Attached is a patch which changes the behaviour for FormulaShifter#adjustPtgDueToSheetMove to be consistent for Area3DPtg and Ref3DPtg, adding a unittest based on that for Bug 58746. However, I think this needs more work - it looks like HSSFWorkbook#setSheetOrder is passing *internal* sheet indexes in to FormulaShifter's constructor, but the values being passed to and from the Ptg appear to be *external* sheet indexes, and the two are not guaranteed to be in sync.
Comment 1 Nick Burch 2016-06-08 12:30:01 UTC
At first glance the patch looks good

Would you like us to fully review it and aim to apply, or hold off while you dig into the sheet indicies handling some more?
Comment 2 Matthew Wightman 2016-06-09 08:58:35 UTC
I have raised a new bug (Bug 59677) for the external indices issue with
reproduction steps now I have been able to find some.

Depending on the fix implemented for that bug, this patch may be
redundant (except for the additional test case coverage), but depending
on approach taken for that bug might still be needed.

As there is not yet a patch/fix for that bug, I would advise you to
review and apply this patch - the external indexing issue only applies
to some workbooks (where the two indices are not in sync), and corrects
the behaviour on all other workbooks.

For the workbooks with complicated external indices, the current
behaviour for area references is that they may end up pointing to the
wrong sheet after a change in sheet order.
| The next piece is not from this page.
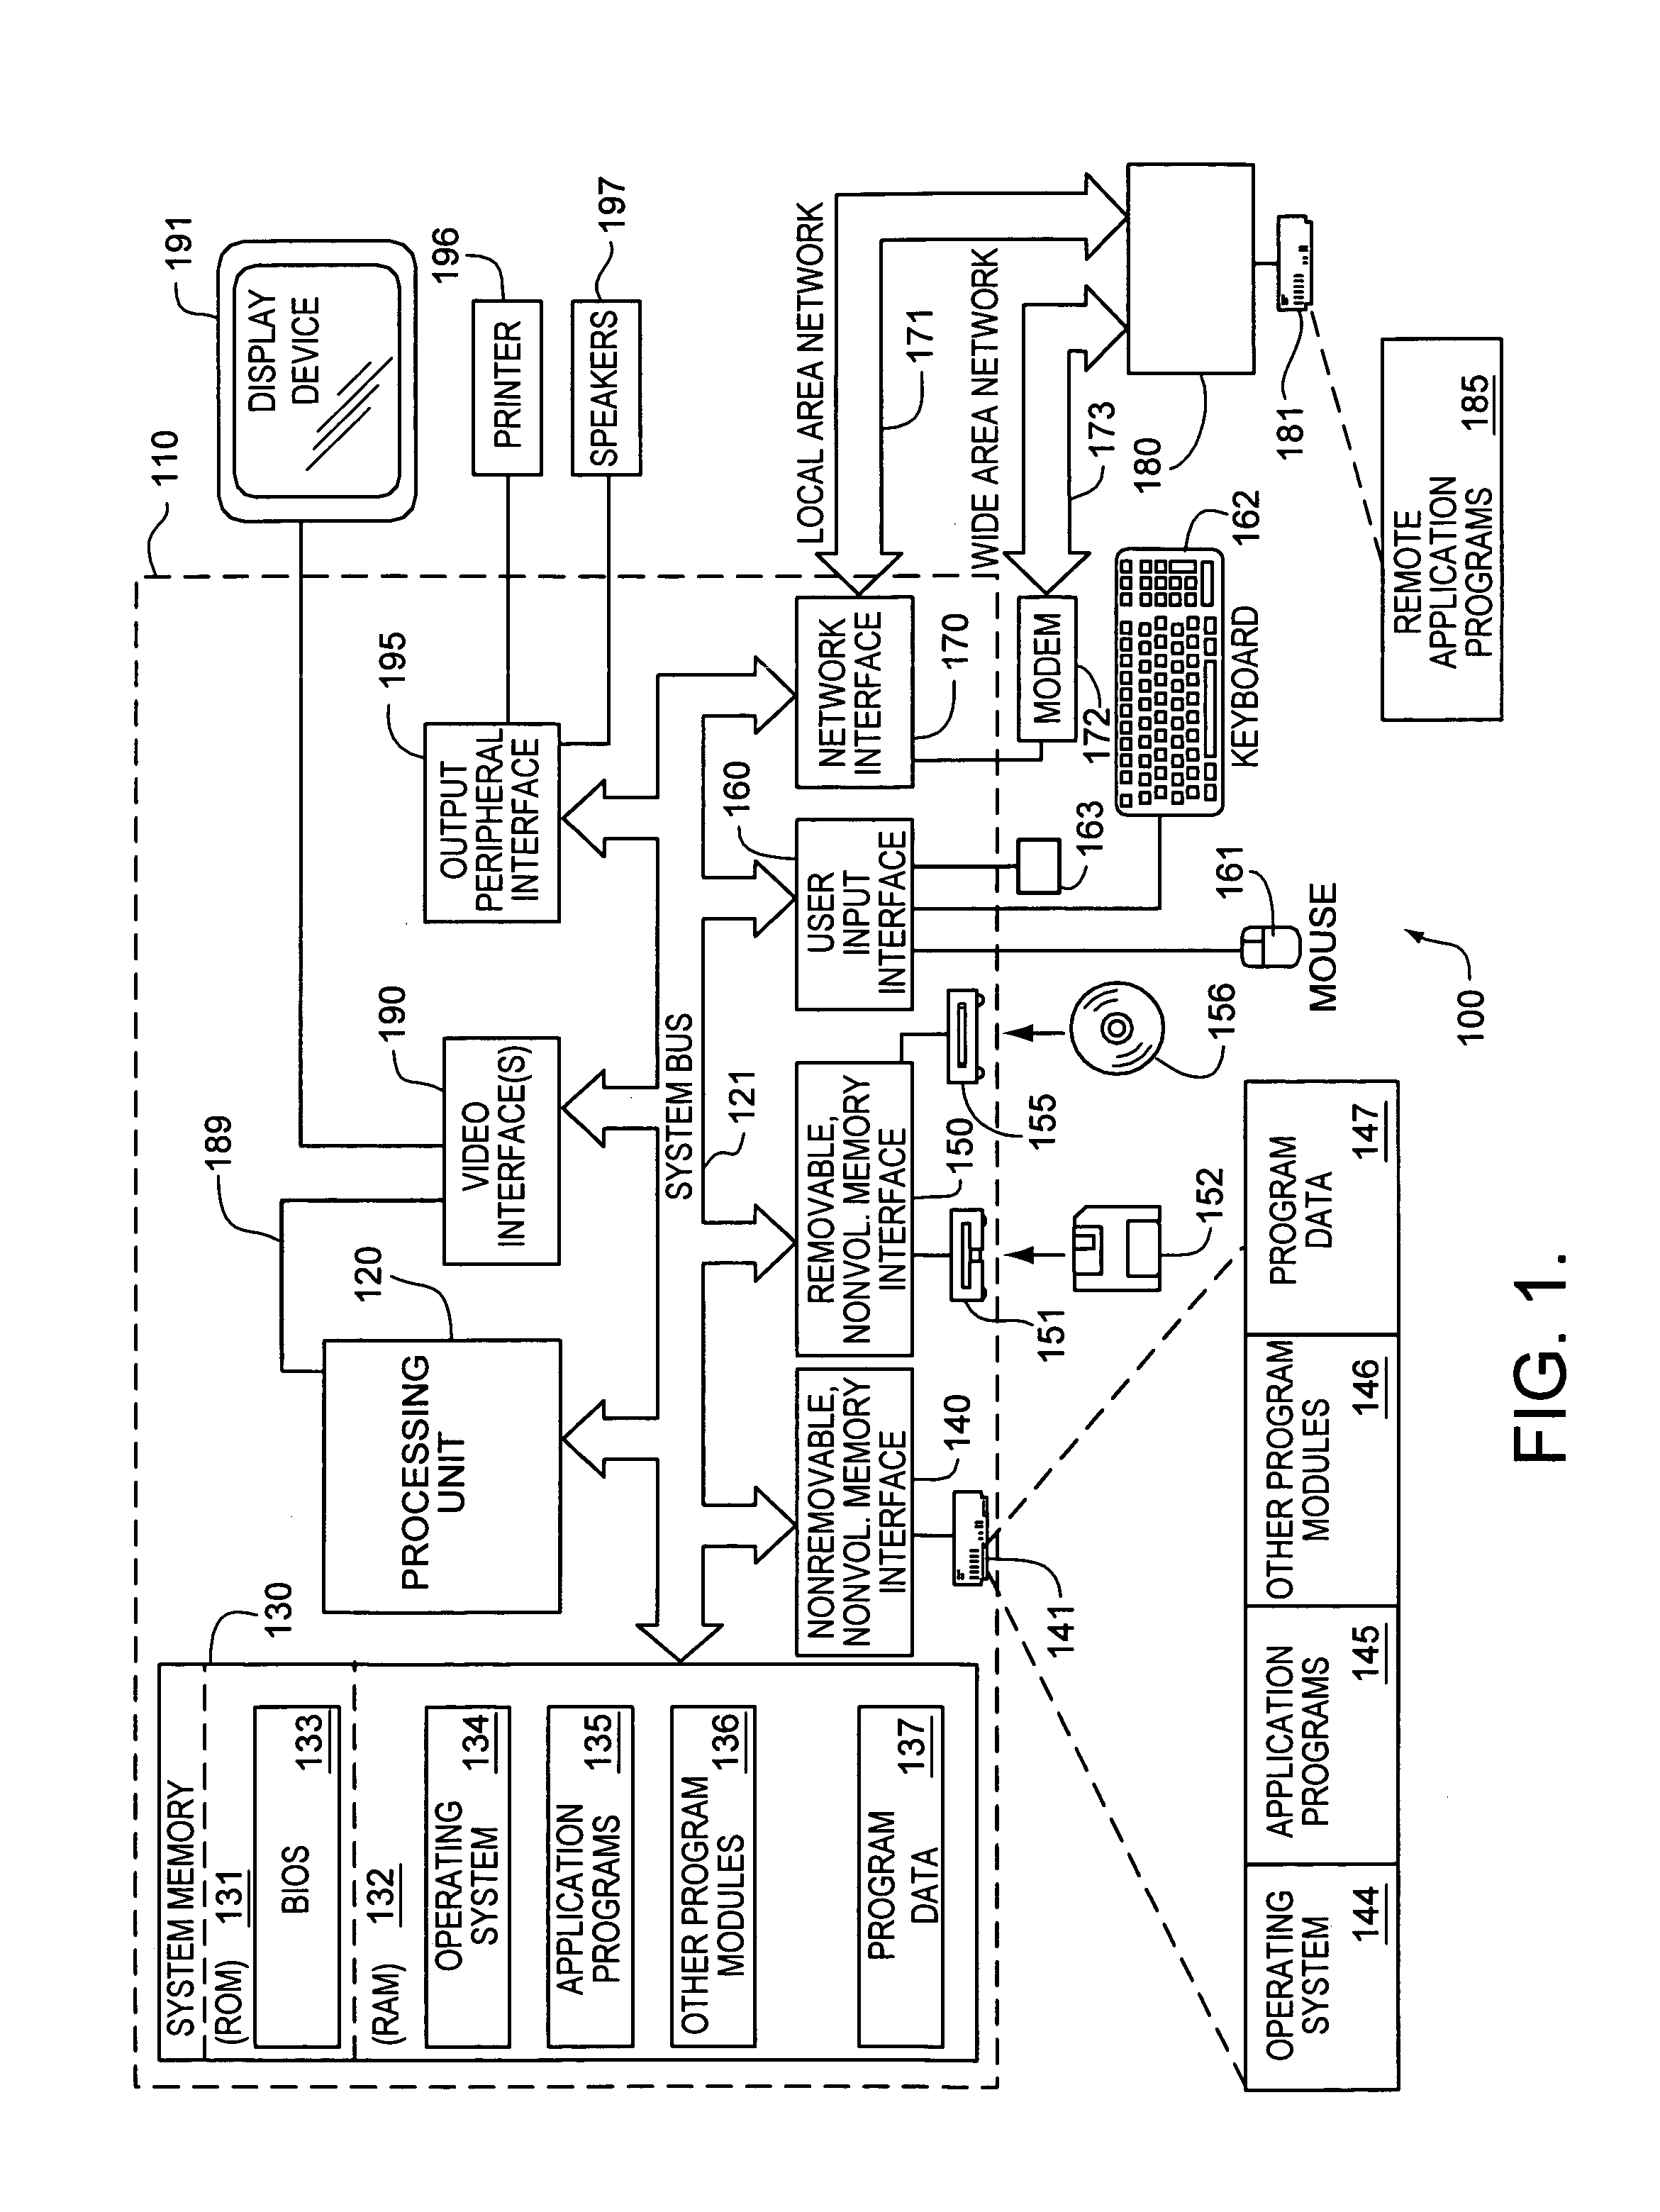 System and method for locating and presenting electronic documents to a user

This patch will change which
sheet is incorrectly referenced, and can make some of the broken
references point to no sheet at all, instead becoming #REF, but this is
the same as the current treatment of single cell references (as reported
on the new bug).
Comment 3 Nick Burch 2016-06-10 08:55:07 UTC
Having reviewed the surrounding code some more, I'm wondering if we need to change the adjustFormula method to take both the old and the new external sheet indexes. That way, we'd have more context available for the re-order case, and might make the removal case simpler too

It would then be up to the calling Workbook class to work out the new external sheet index, fixing up records as needed, before doing the shift

Any thoughts?
Comment 4 Matthew Wightman 2016-07-05 10:23:49 UTC
That sounds plausible as an approach.

Sorry, but I am unlikely to have any time for further investigation of
this issue in the near future. I believe this bug should not be marked as blocked on needing more information from me?